Надумали открыть в магазине новый отдел. Для метел и деревянных лопат. Я заказала из города еще и скребки.

Все меня нахваливают. Говорят, правильно, Зина! В Сугробихе живем... Буран задует – всей деревней в новый отдел побежим. А пока ничего не покупают – наверное, не верят, что зима вернется.  Ну – им виднее!

Больше новостей у меня нет.

А письмо я пишу, потому что сердце заболело о вашем сыночке, о вашем Килоше.
Когда Килоша начал у меня на весах работать – я нарадоваться не могла. Такой исполнительный, такой точный!.. Даром что маленький!  Покупатель еще приценивается, а Килоша уже прыг на чашку весов.  Стоит, ждет, пока я муки там или риса отмеряю. Ни одной гирьке за ним в работе не угнаться, даже самой опытной!

Сколько раз я вас добрым словом вспоминала, дорогие Гиря и Пуд! Какого сыночка вырастили!
Но вчера с Килошей что-то случилось.

Пришел к нам кузнец дядя Паша. Попросил килограмм конфет “Буревестник”.

А Килоша его и обвесил! На целых сто граммов!

Я спохватилась, когда кузнец уже ушел. Спрашиваю у Килоши: “Мальчик, что с тобой? Зачем ты это сделал?”

А он не отвечает. Только улыбается.

Простите за горькую весть, но я обещала писать о вашем сыночке все без утайки.

Ваша Зина из магазина”.

“Ну и дела!” – подумал Венька и стал вспоминать магазинные гирьки – кто там из них Килоша? Но все гирьки представлялись на одно лицо. Никогда к ним Венька не приглядывался.

Пуд сдвинулся с места и тяжело заходил вперед-назад, вперед-назад. Только половицы заскрипели.

Гиря тихонько постанывала, съежившись в углу.
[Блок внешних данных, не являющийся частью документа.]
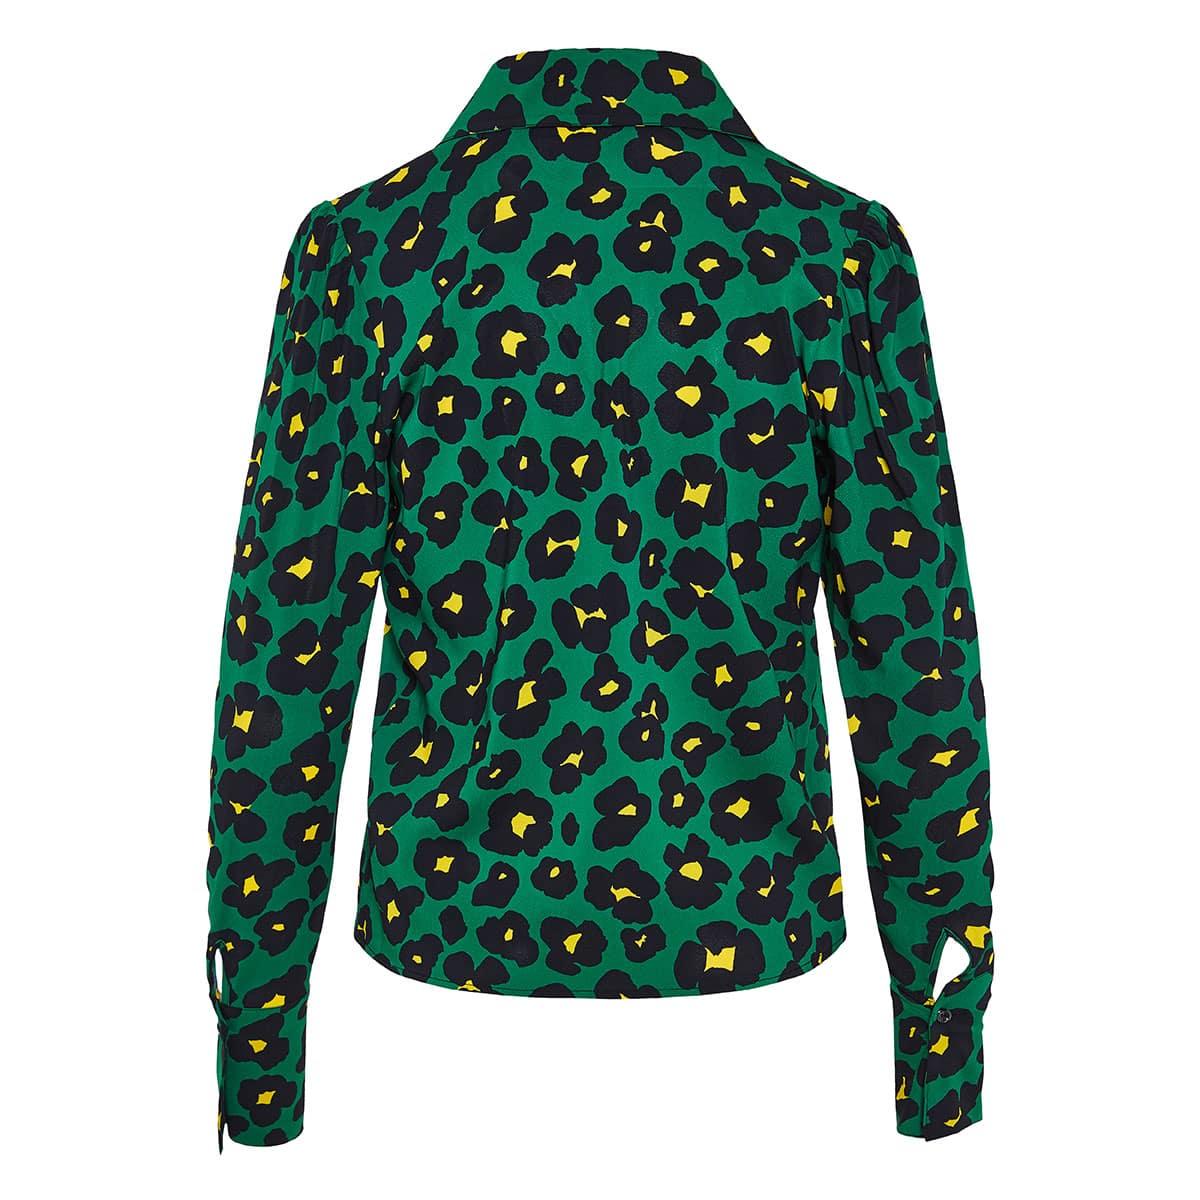 Viola printed shirt

Веньке очень хотелось их утешить. И он сказал:
 
– Ну подумаешь, несколько конфет себе взял! Может, ему очень-очень захотелось сладкого? Такое бывает.
 
– Бывает, – Пуд остановился и исподлобья  посмотрел на Веньку. – Такое, к сожалению, иногда бывает.  И называется... сам знаешь как!

Гиря сразу заплакала.
 
– Как людям в глаза смотреть! – вполголоса запричитала она. – Мы воспитали пятьдесят трех спортсменов! Тринадцать мастеров спорта! Одного чемпиона мира!..  Мы трудились не разгибая спины! А сыночка вырастить не смогли!

Она всхлипнула и спросила Веньку с надеждой:
 
– Веня, вы лучше нас Сугробиху знаете! Может, Килоша попал в дурную компанию? Может, его заставили недовешивать “Буревестник”?  Может, ему угрожают?

От такого предположения Венька даже закашлялся.
 
– Не надо гадать, – сказал он. – У меня как раз большая перемена. Я сгоняю в магазин и все разузнаю. Только не плачьте – так и заржаветь недолго!

...Магазин был закрыт на обеденный перерыв.

Венька приставил к окну пустой ящик и заглянул вовнутрь.
На прилавке, рядом с весами, он увидел с десяток  гирек. Одни стояли. Другие лежали, как Венеры на картинках. Третьи прохаживались парочками и что-то обсуждали.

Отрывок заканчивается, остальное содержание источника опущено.